Source material
┌──

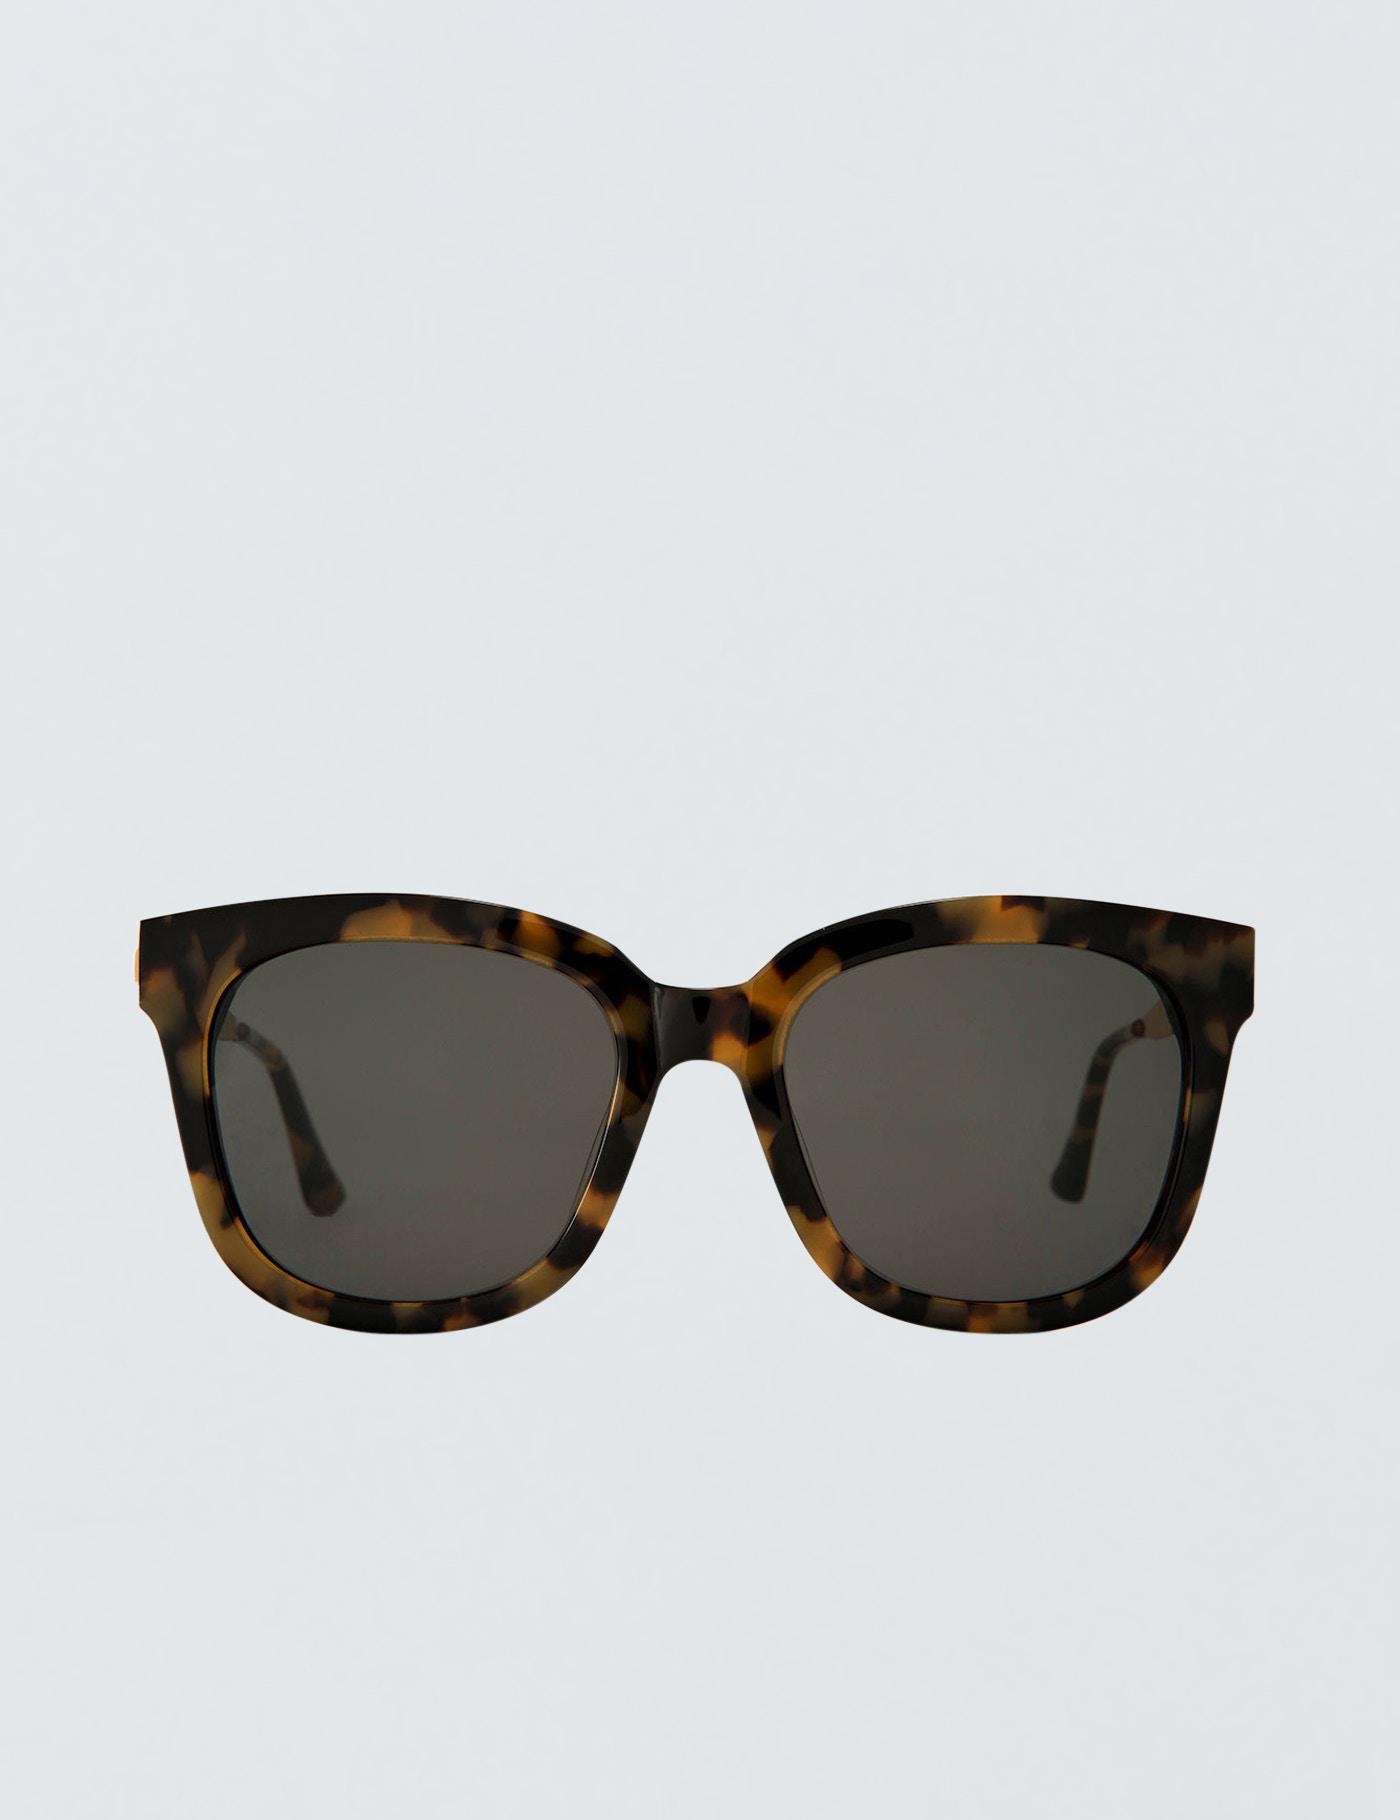 5fbdda8d27b0 Lyst - Gentle Monster Absente Sunglasses
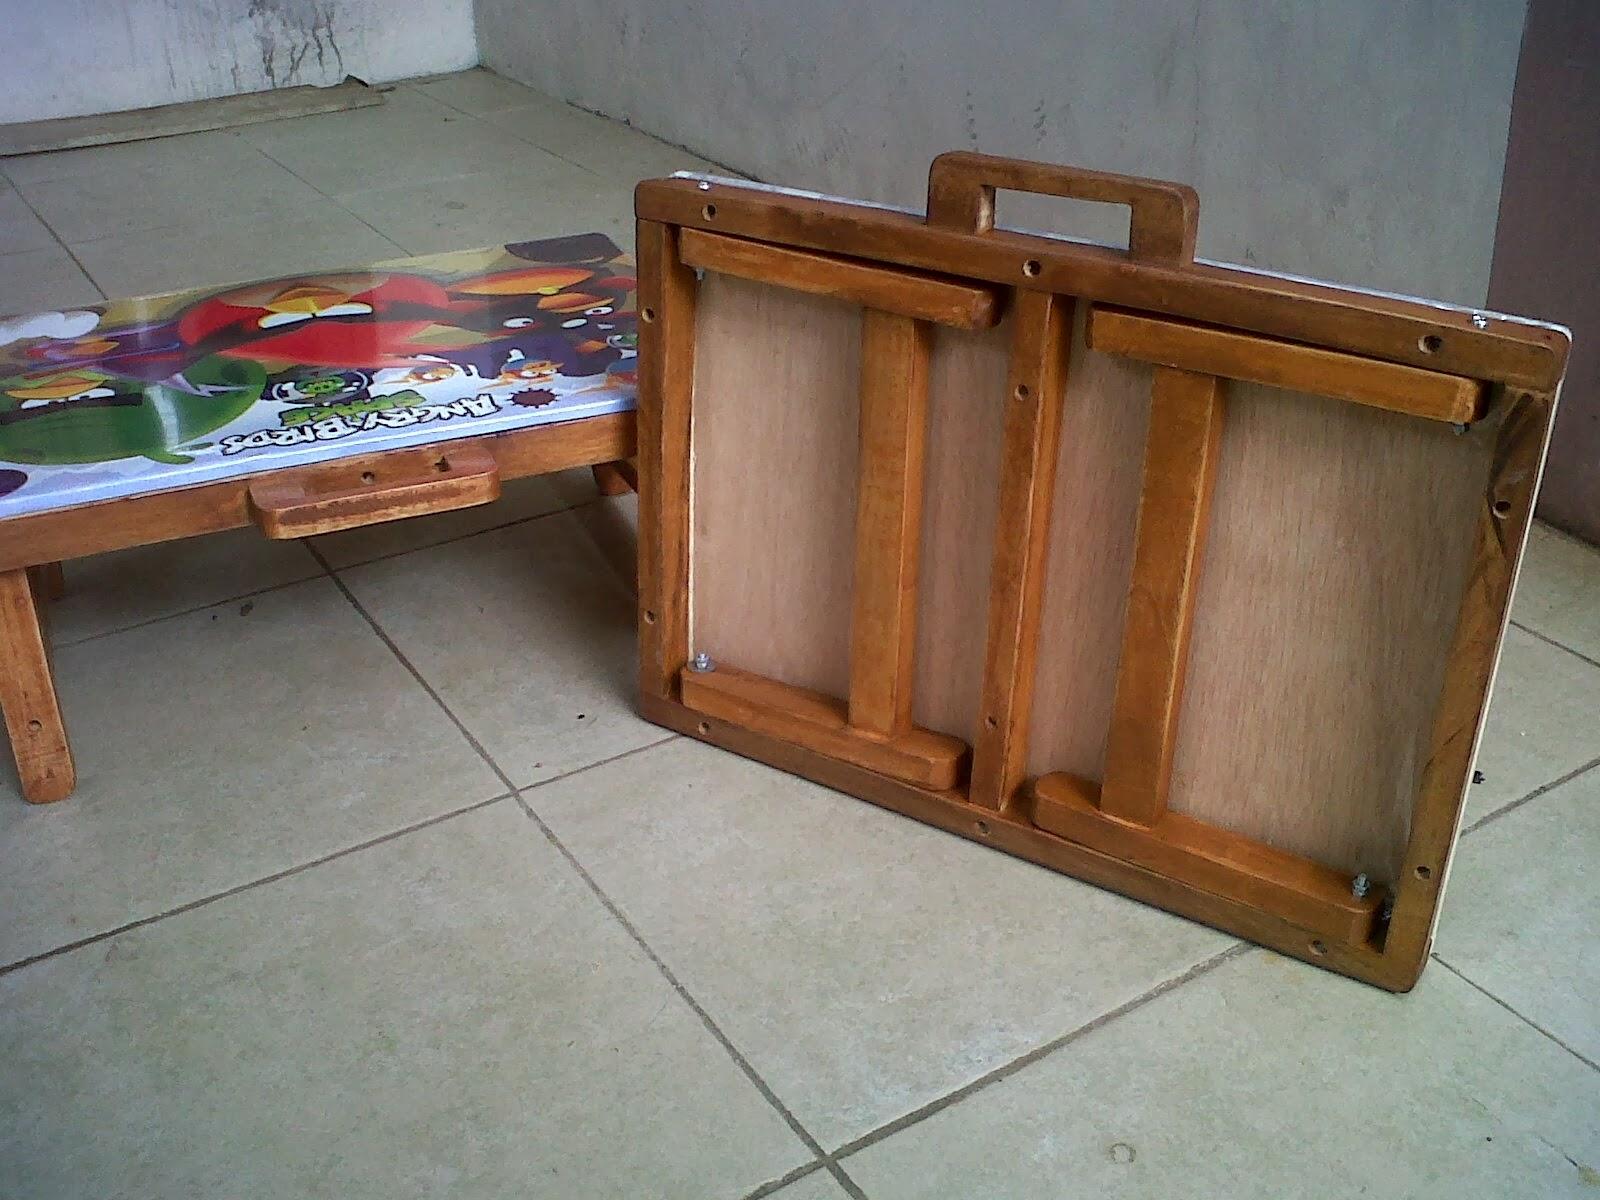 jual meja belajar lipat anak murah pusat grosir distributor rh nawwafhuda atk blogspot com cara membuat meja lipat sendiri cara membuat meja lipat dari besi siku
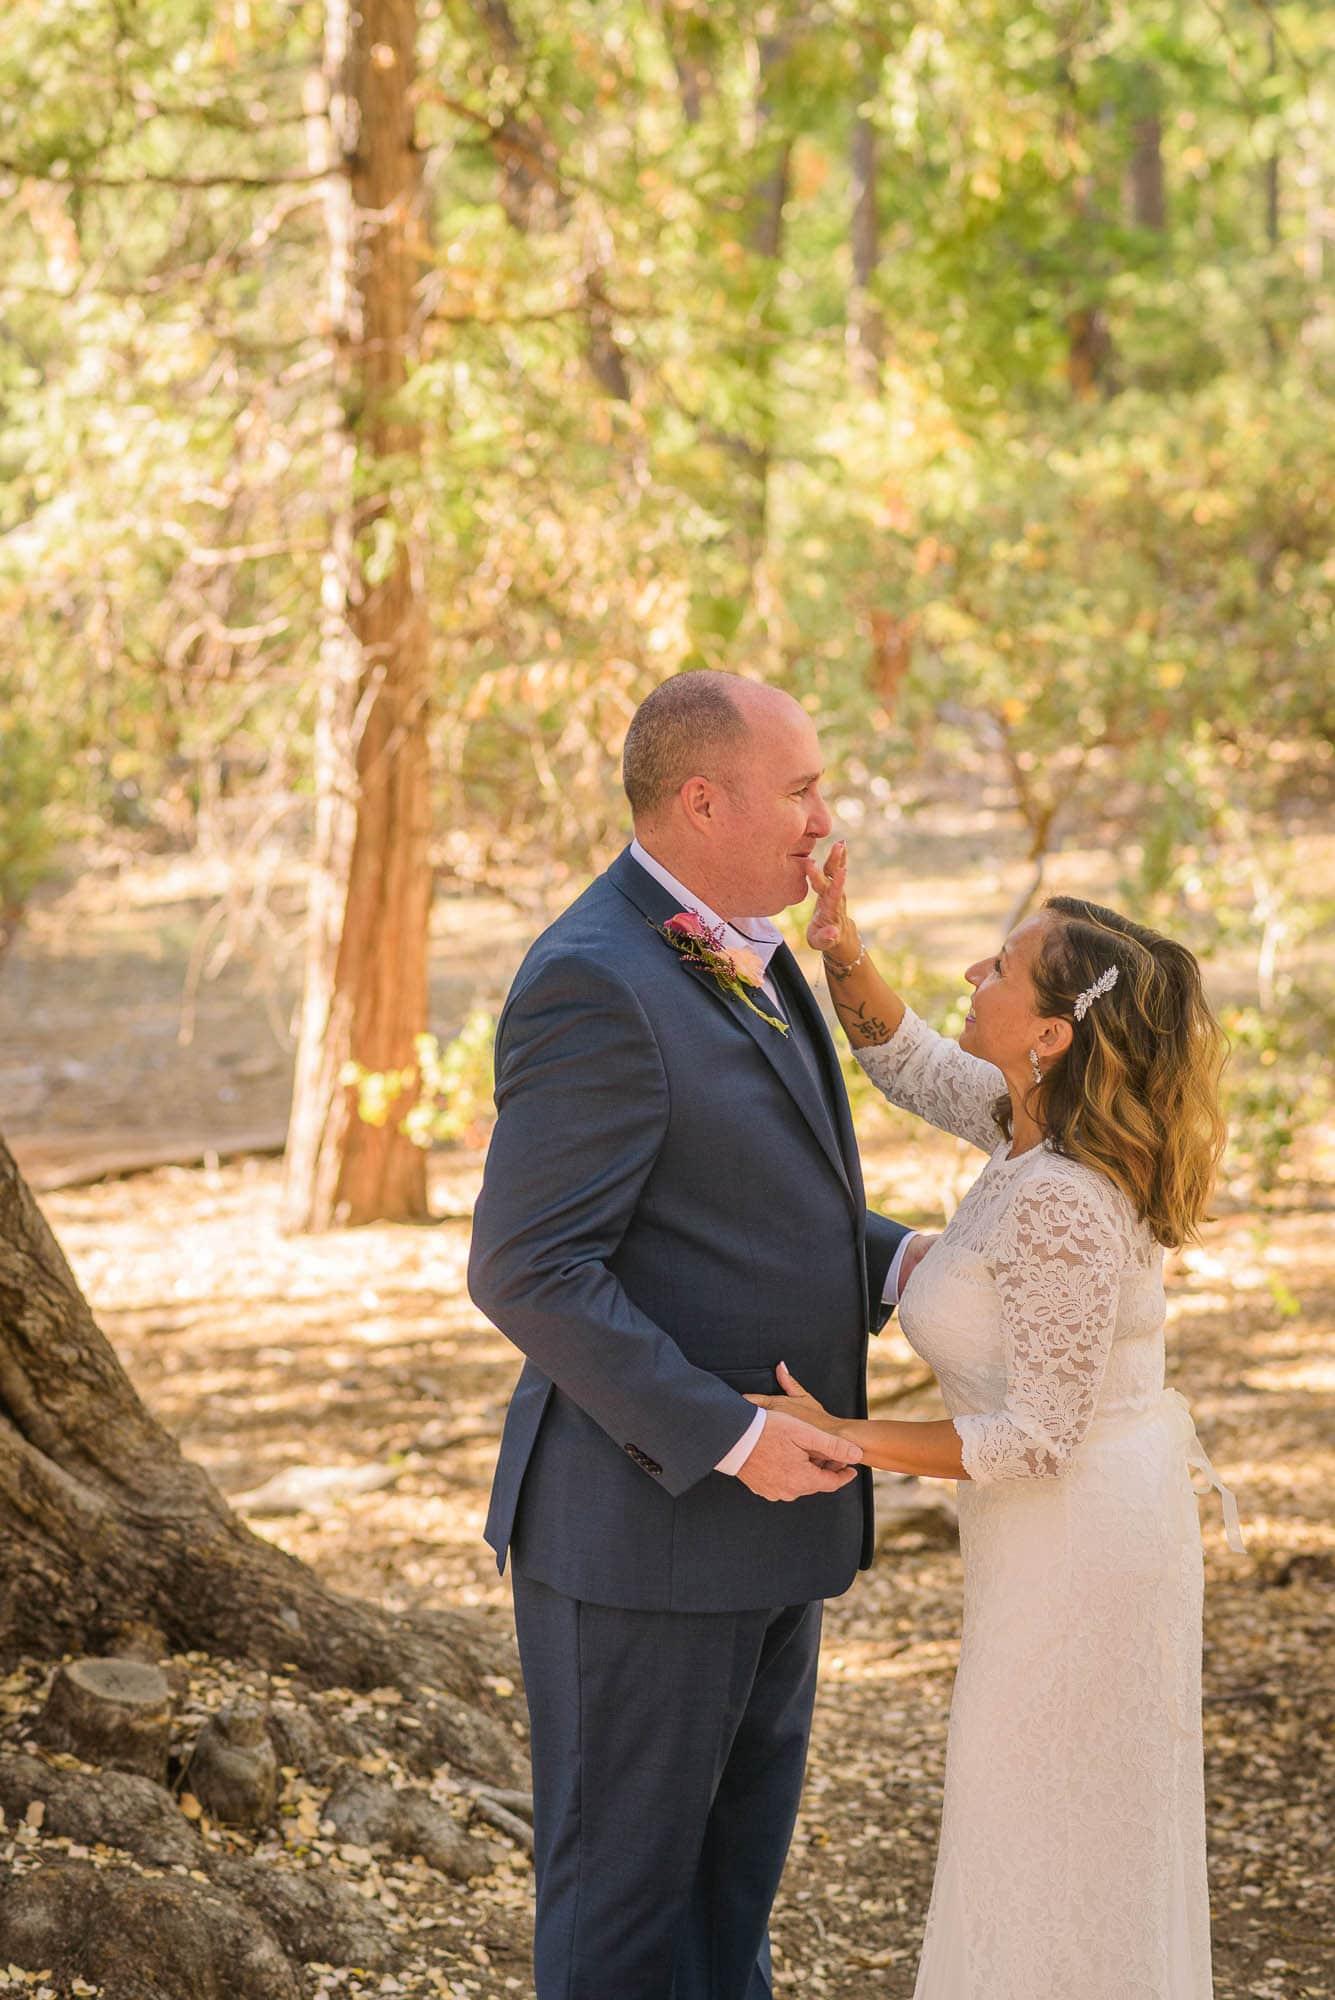 022_Alan_and_Heidi_Wedding_Jackie_Dannon

└──

What is required
Give back the whole listing exactly as written. Do not include any picture.

Exercise output
 5fbdda8d27b0 Lyst - Gentle Monster Absente Sunglasses
 jual meja belajar lipat anak murah pusat grosir distributor rh nawwafhuda atk blogspot com cara membuat meja lipat sendiri cara membuat meja lipat dari besi siku
 022_Alan_and_Heidi_Wedding_Jackie_Dannon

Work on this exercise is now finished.